A basic profile covers four dimensions:
Completeness. What percentage of records has each field populated? If your customer table has 50,000 records but the “email” field is empty in 12,000, your email completeness is 76%. That may be acceptable or catastrophic depending on the use case.
Uniqueness. How many duplicates exist? Exact duplicates are easy to detect. Fuzzy duplicates (John Smith and J. Smith Jr. who are the same person) require more sophisticated matching algorithms. Tools like Python’s dedupe library or SQL’s SOUNDEX function help, but fuzzy matching always requires human validation for ambiguous cases.
Consistency. The same data represented in different ways. “London” vs. “LONDON” vs. “London, UK” in a city field. “United Kingdom” vs. “UK” vs. “GB” in a country field. Dates in DD/MM/YYYY vs. MM/DD/YYYY (a classic nightmare). Inconsistency is not an error in itself; it is an error multiplier in any process that consumes that data.

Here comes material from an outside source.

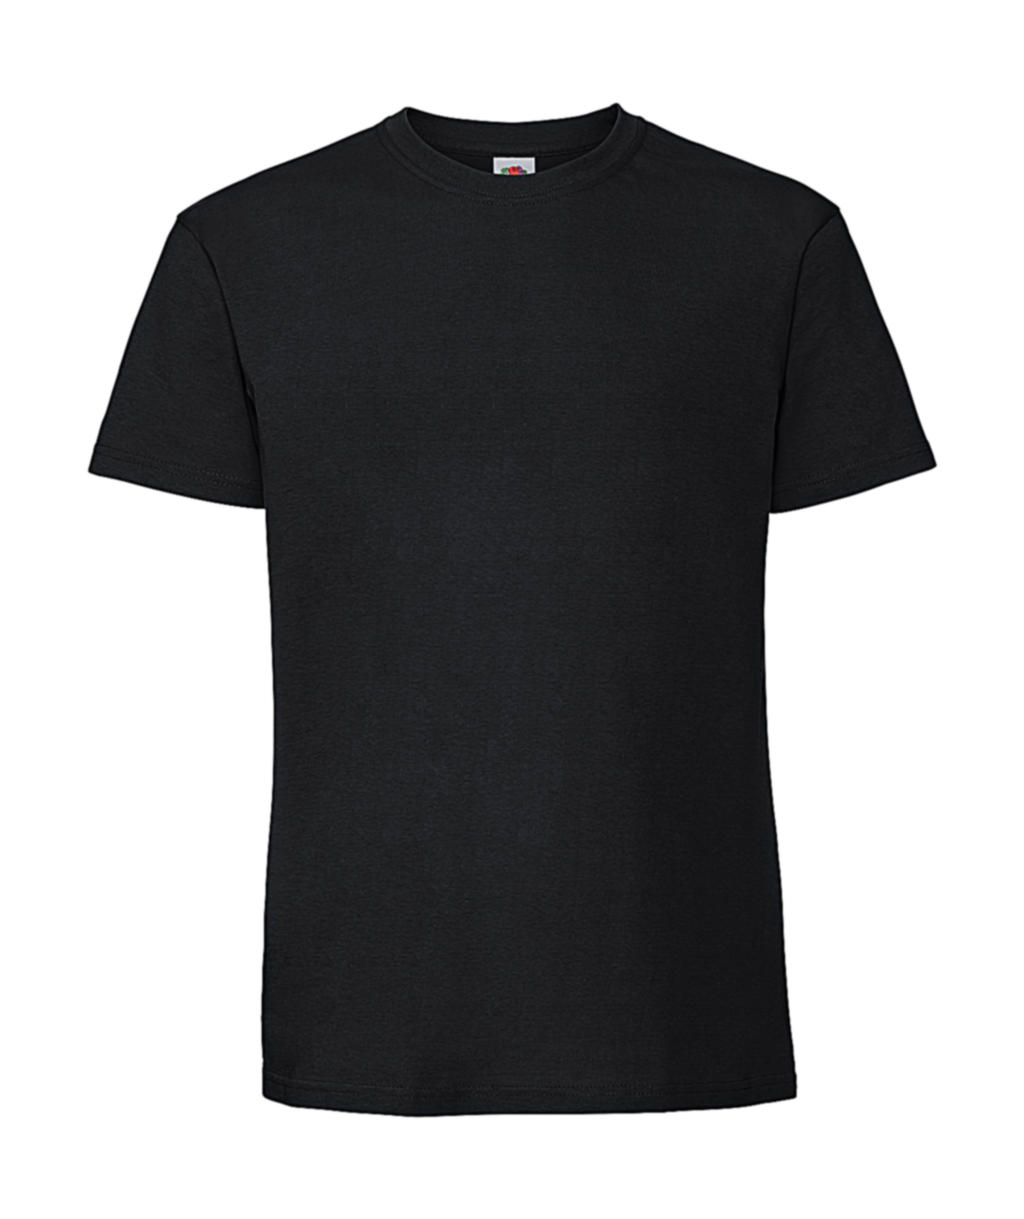 Tričko z prstencovej bavlny Iconic 195 Premium - black

Validity. Do the data comply with business rules? A UK postcode has a defined format. An email has a validatable structure. A price cannot be negative. A quantity cannot be a fraction for certain product types. These rules seem obvious, but without active validation, invalid data enters and propagates.
Profiling tools range from basic (pandas profiling in Python, which generates a complete HTML report in one line of code) to dedicated platforms like Great Expectations, Soda, or Monte Carlo. The tool matters less than the discipline to run profiling periodically and act on the results.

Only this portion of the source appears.